Specific antiepileptic drug risks determine polytherapy affect on birth defects

Abstract

Free abstract

MedWire News: The risk for birth defects associated with prenatal exposure to a combination of antiepileptic drugs is determined by the risks associated with each individual drug, a large registry study shows.

Relative to monotherapy, polytherapy significantly increased women's risk for having a baby with congenital abnormalities only if the combination of drugs included valproate, the researchers report in the Archives of Neurology.

This report is the third major study on the risk for birth defects associated with antiepileptic drugs to appear in recent weeks, with the other reports appearing in JAMA and The Lancet Neurology.

The JAMA study showed that exposure to the newer generation of antiepileptic drugs did not raise the risk for birth defects, whereas the Lancet Neurology study revealed a dose-dependent relationship between exposure and birth defect risk, even for the newer-generation drugs.

The latest study, by Lewis Holmes (MassGeneral Hospital for Children, Boston, Massachusetts, USA) and colleagues, includes 6857 pregnant women enrolled in the North American Antiepileptic Drug Pregnancy Registry between 1997 and 2010. All the women received one or more antiepileptic drugs during the first 16 weeks of pregnancy, with the two therapies most commonly prescribed being lamotrigine and carbamazepine.

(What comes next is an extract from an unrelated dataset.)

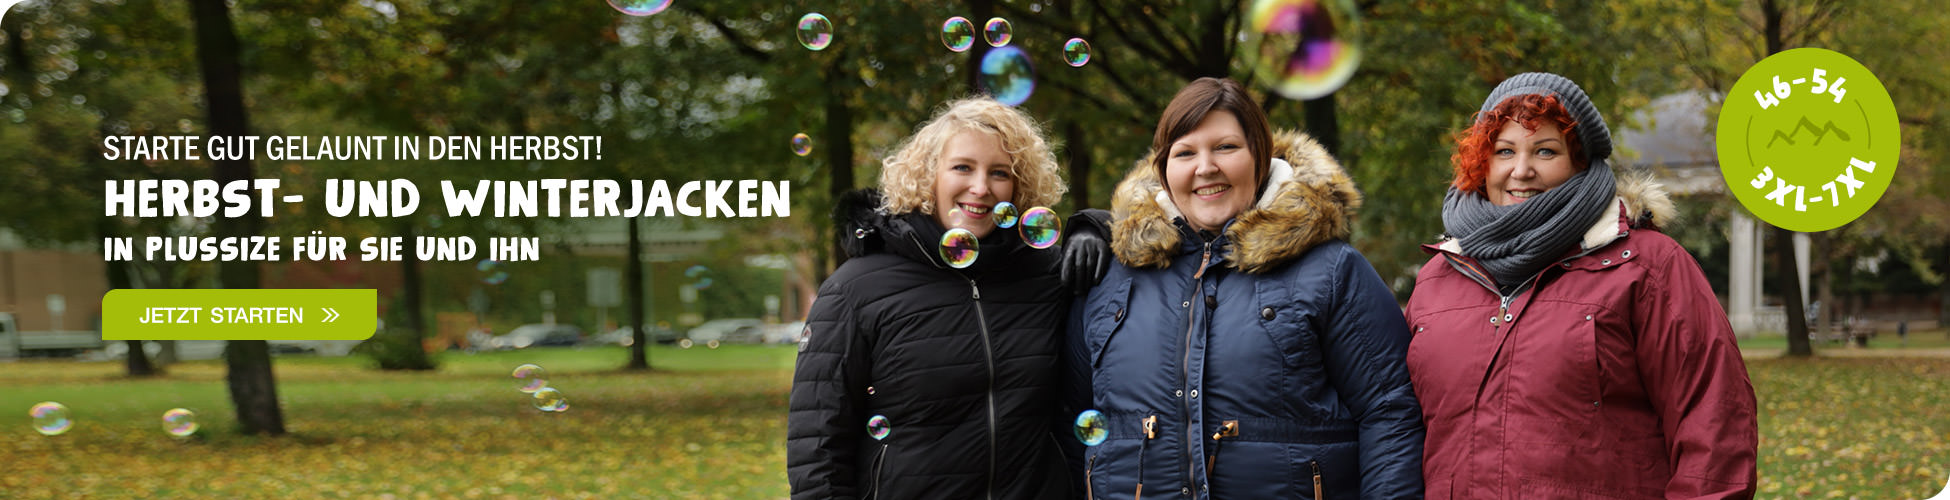 11_20 Herbst-Winterjacken

In all, 1.9% of the 1441 infants exposed to lamotrigine as monotherapy had a major congenital malformation, identified up to 12 weeks after delivery.

This rate was not significantly different to the 1.5% rate among an internal comparison cohort of 408 unexposed infants born to women drawn from friends and family of women enrolled in the registry. It was also no different to the 1.6% rate among an external comparison cohort of 69,277 infants in the Active Malformations Surveillance Program at Brigham and Women's Hospital in Boston, Massachusetts.

The 55 infants exposed to lamotrigine plus valproate had a 9.1% birth defect rate, or a five-fold increase relative to lamotrigine monotherapy exposure. But the risk for birth defects associated with exposure to lamotrigine plus any other antiepileptic (450 infants) was 2.9% - not a significant increase relative to lamotrigine monotherapy.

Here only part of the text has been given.